Пение Егора перед гостями – только четверть его "славы"; иное дело, когда он поет для себя, когда его "затягивает", когда в песне он, что называется, выплескивает душу. Тогда, примостившись с Аленкой подле дырявой перевернутой плоскодонки, он отдается пению "с глубокой мукой" и обычно равнодушное лицо его становится просветленно-скорбным. Магия его голоса такова, дивные слова старинной русской песни так родны и спасительны, что и Аленка, не слыша своего "низкого, матового, страстного голоса", подпевая Егору "дух в дух", тоже испытывает ни с чем не сравнимую мучительную радость. Пение Егора и Аленки – апофеоз их страдания и счастья; они поют, "чувствуя одно только – что сейчас разорвется сердце, сейчас упадут они на траву мертвыми, и не надо уж им живой воды, не воскреснуть им после такого счастья и такой муки".

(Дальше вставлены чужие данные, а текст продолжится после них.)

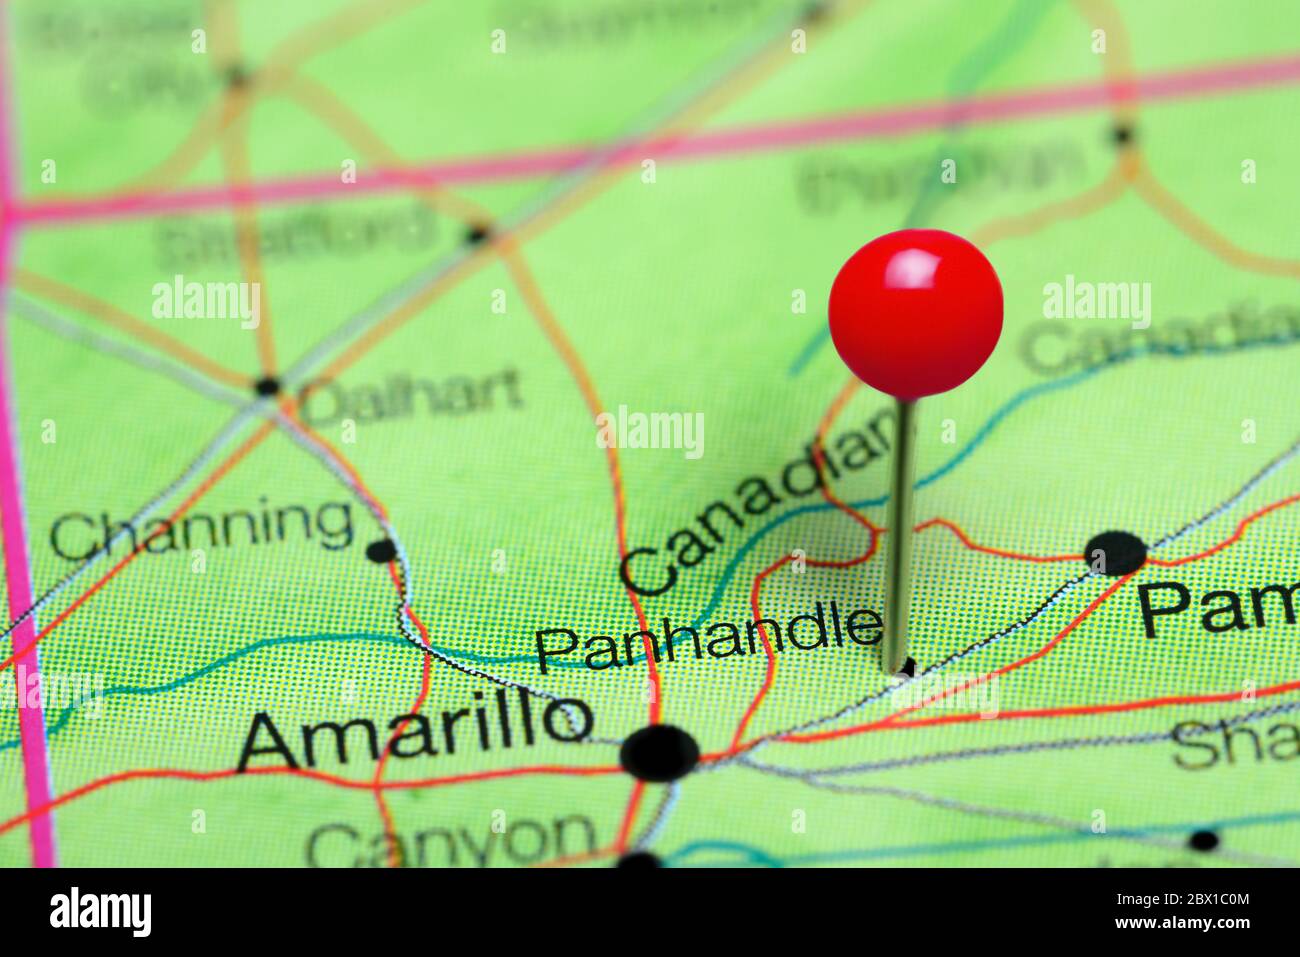 Panhandle pinned on a map of Texas, USA Stock Photo

Страсть вдохновения и любви Казаков писал всегда пронзительно и яростно. Люди с неутоленными страстями, люди во плоти, те, кому и долгого века мало, чтобы все в жизни изведать, громко заявили о себе уже в ранних его рассказах. Уважение к "живой жизни", преклонение перед человеческой личностью обусловили в чем-то самом главном художественную концепцию Казакова, причем ни возраст, ни профессия, ни общественное положение его героев не считались здесь решающими факторами.

И непутевый бакенщик Егор – из тех мятущихся героев, что принесли в казаковский "роман" неутихающую душевную тревогу, смутное беспокойство, горькую ноту неудовлетворенности собой. Такие герои, вслед за автором, обладали космическим слухом, особым чувством мироздания, их одолевала жажда простора – и все это вздымало их над будничной суетой, позволяло им слышать музыку вселенной. "Идет мимо него жизнь! Что за звон стоит в его сердце и над всей землей?" – восклицал писатель, обращаясь к Егору (и к самому себе), – и этот звон, будто праведный колокол, звал заблудшего, потерявшегося человека встрепенуться, пробудиться, уверовать в ниспосланное ему свыше предназначение.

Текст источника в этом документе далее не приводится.